While wellness programs have been greeted as an incentive structure for individuals to take ownership of their own health, researchers have questioned the benefits stemming from their implementation. For example, one recent study headed by a member of the Harvard Medical School faculty found that wellness programs had no impact on costs or outcomes for the population studied. Additionally, some experts on health insurance have commented that implementing wellness programs could be a back door to rate discrimination against individuals with comparatively poor health.

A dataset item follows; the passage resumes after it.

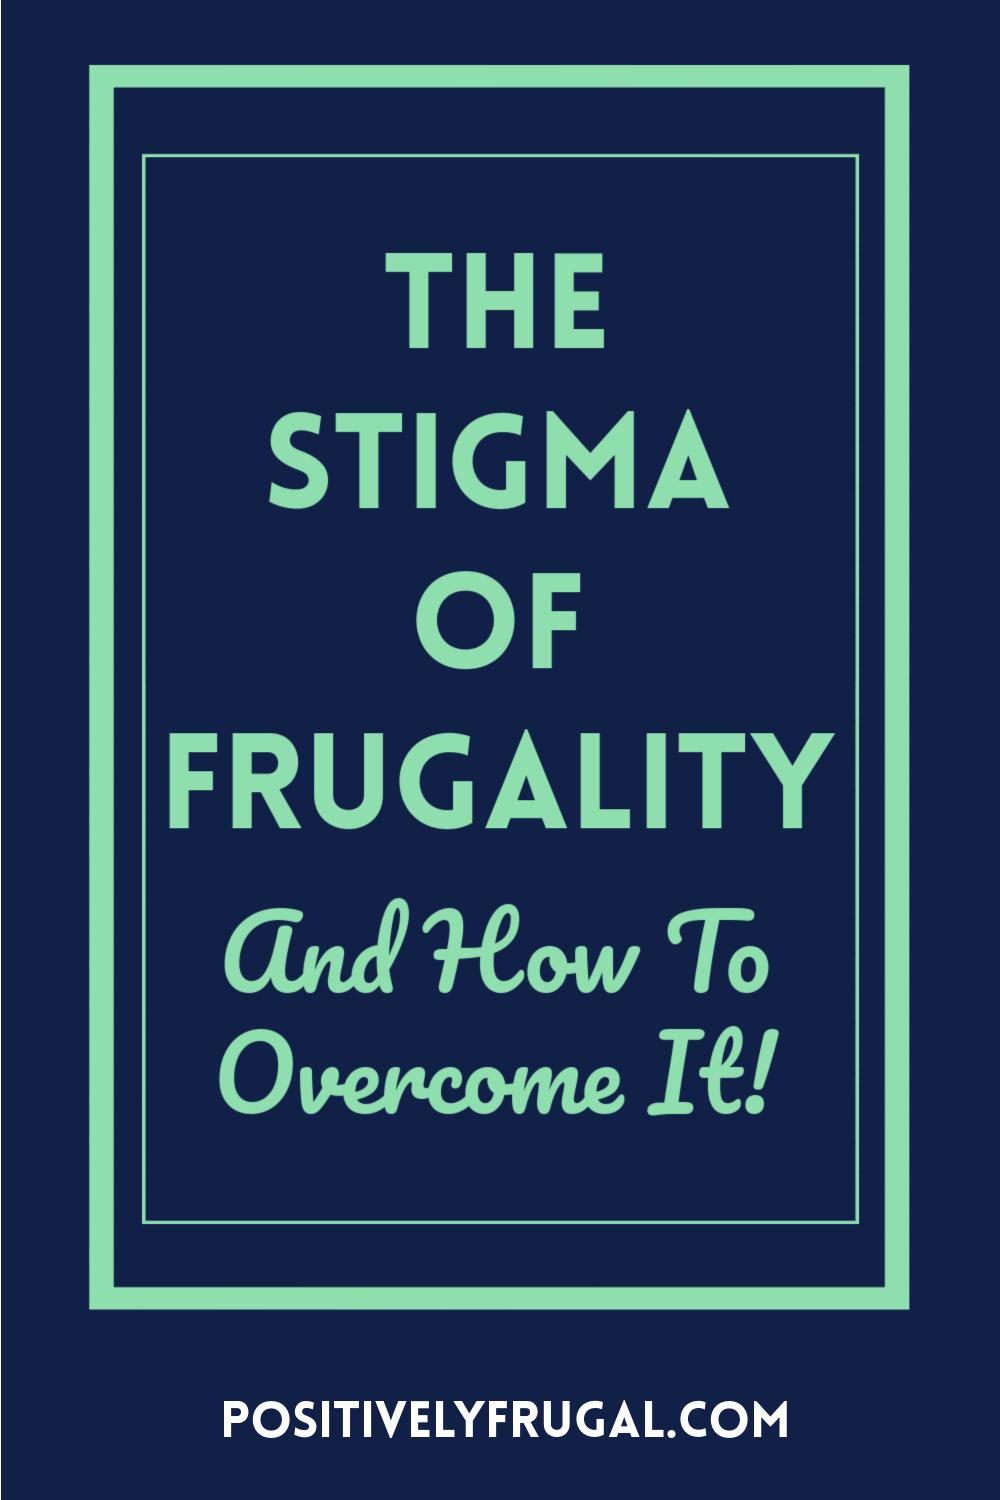 The Stigma of Frugality by PositivelyFrugal.com

Trump to Nominate Dr. Stephen Hahn as FDA Commissioner

According to administration officials familiar with the selection process, President Trump is set to nominate Dr. Stephen Hahn to lead the Food and Drug Administration pending completion of the vetting process. Dr. Hahn is an oncologist and currently serves as the Chief Medical Executive at MD Anderson Cancer Center in Houston. The president interviewed Dr. Hahn for the position a month ago, and administration officials are reportedly in the process of completing the paperwork and final background checks. The administration is required by law to formally nominate an FDA Commissioner by November 1. The move to nominate Dr. Hahn goes against the recommendations of four former FDA Commissioners and various advocacy organizations to nominate Dr. Ned Sharpless, who has been serving as acting Commissioner since April when former Commissioner Scott Gottlieb departed the position.